What is being asked:
Return exactly the lines of the data below, from the one that contains "guter Zustand" through the final line, and leave out every picture.

= Beginning of Section =

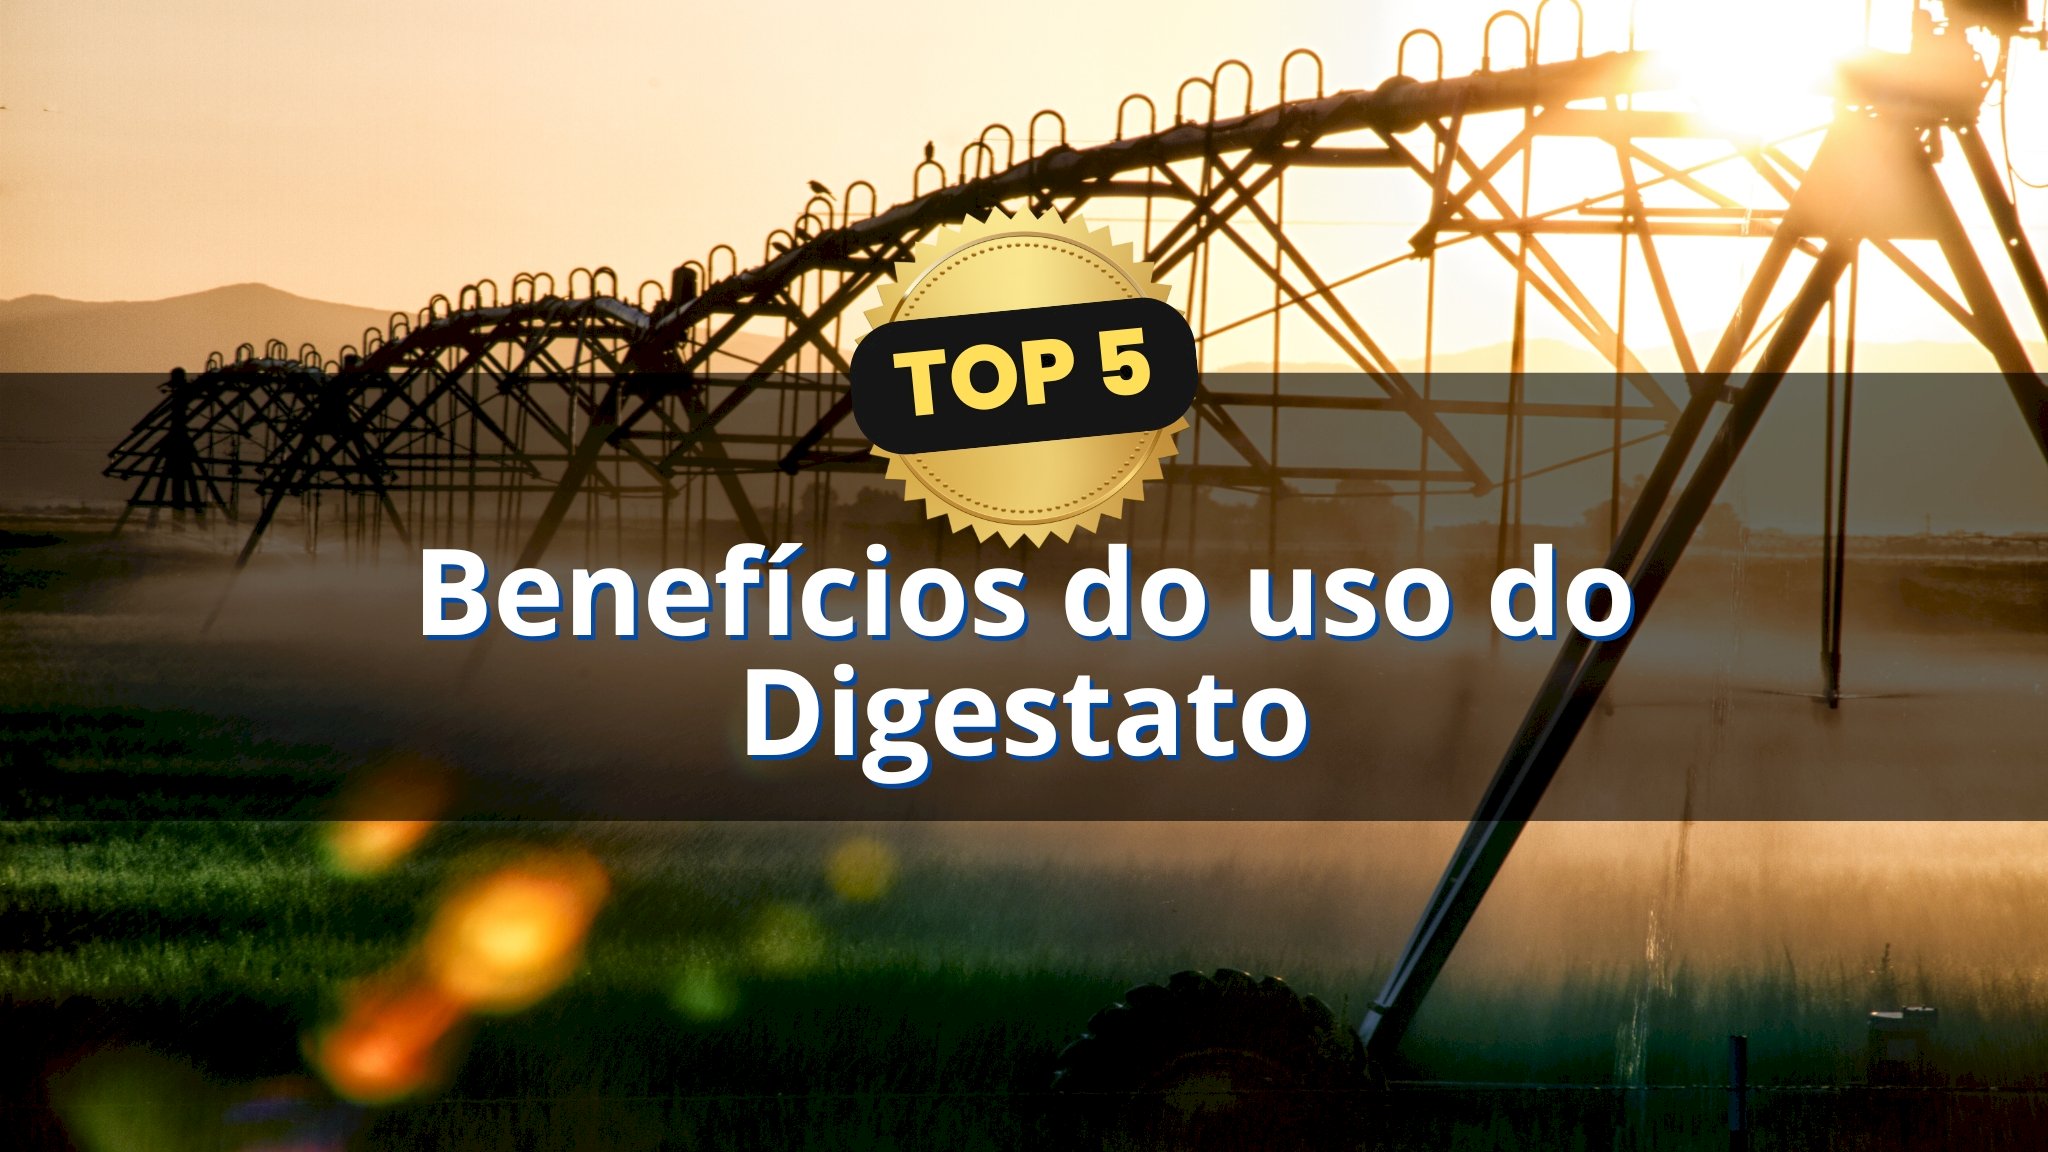 Top 5: Benefícios do uso do Digestato
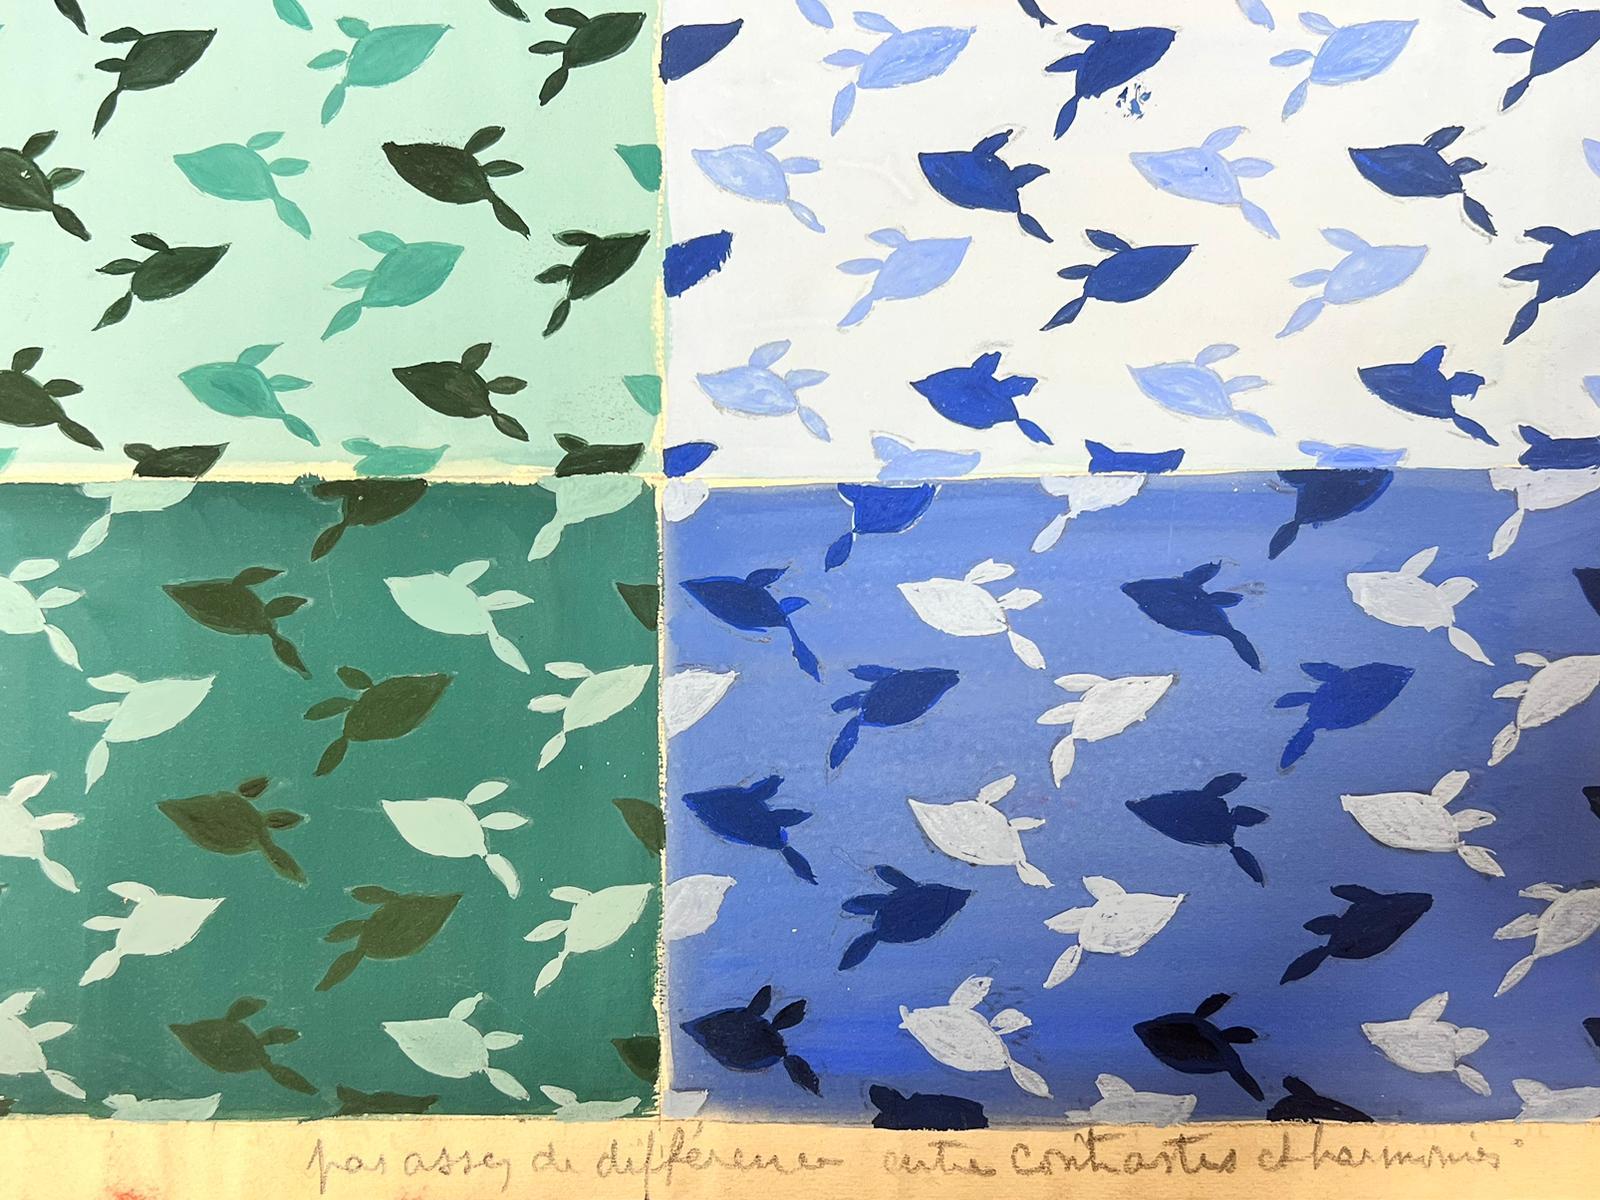 Schildkröte Wallapaper
von Josine Vignon (Französisch 1922-2022) 
Pastell/Aquarell auf Papier, ungerahmt
Gemälde: 13 x 20 Zoll
guter Zustand
Herkunft: aus dem Nachlass des Künstlers, Frankreich

Josine Vignon (1922-2022) war eine französische
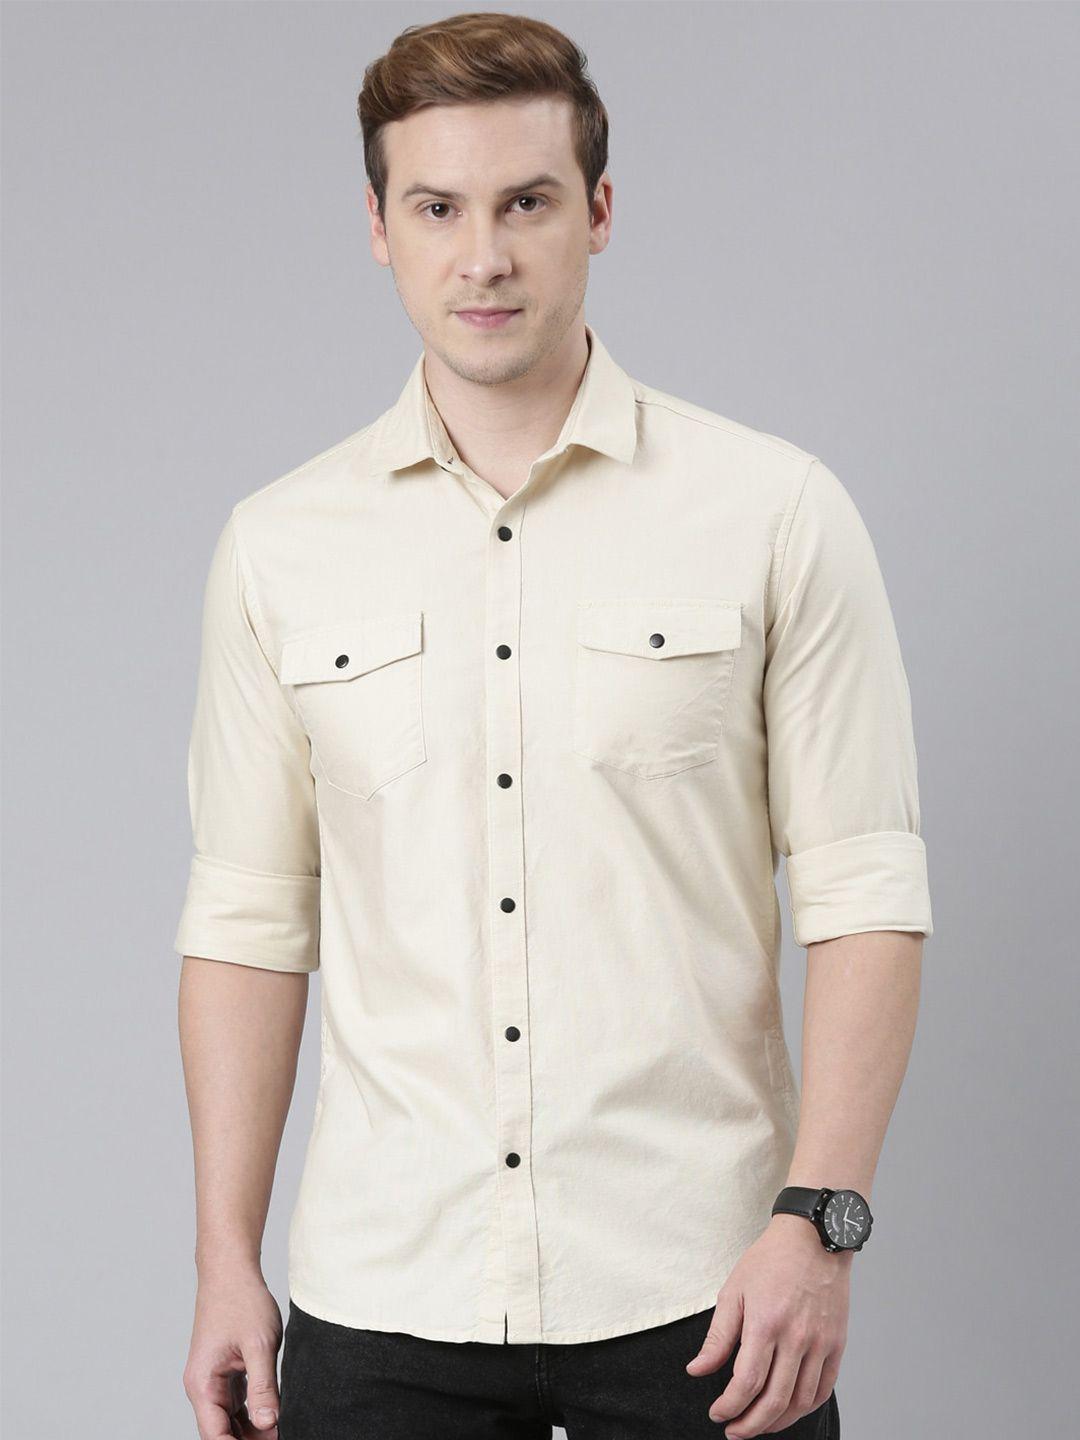 bushirt-men-cotton-classic-casual-shirt

= End of Section =

Problem solution:
guter Zustand
Herkunft: aus dem Nachlass des Künstlers, Frankreich

Josine Vignon (1922-2022) war eine französische
 bushirt-men-cotton-classic-casual-shirt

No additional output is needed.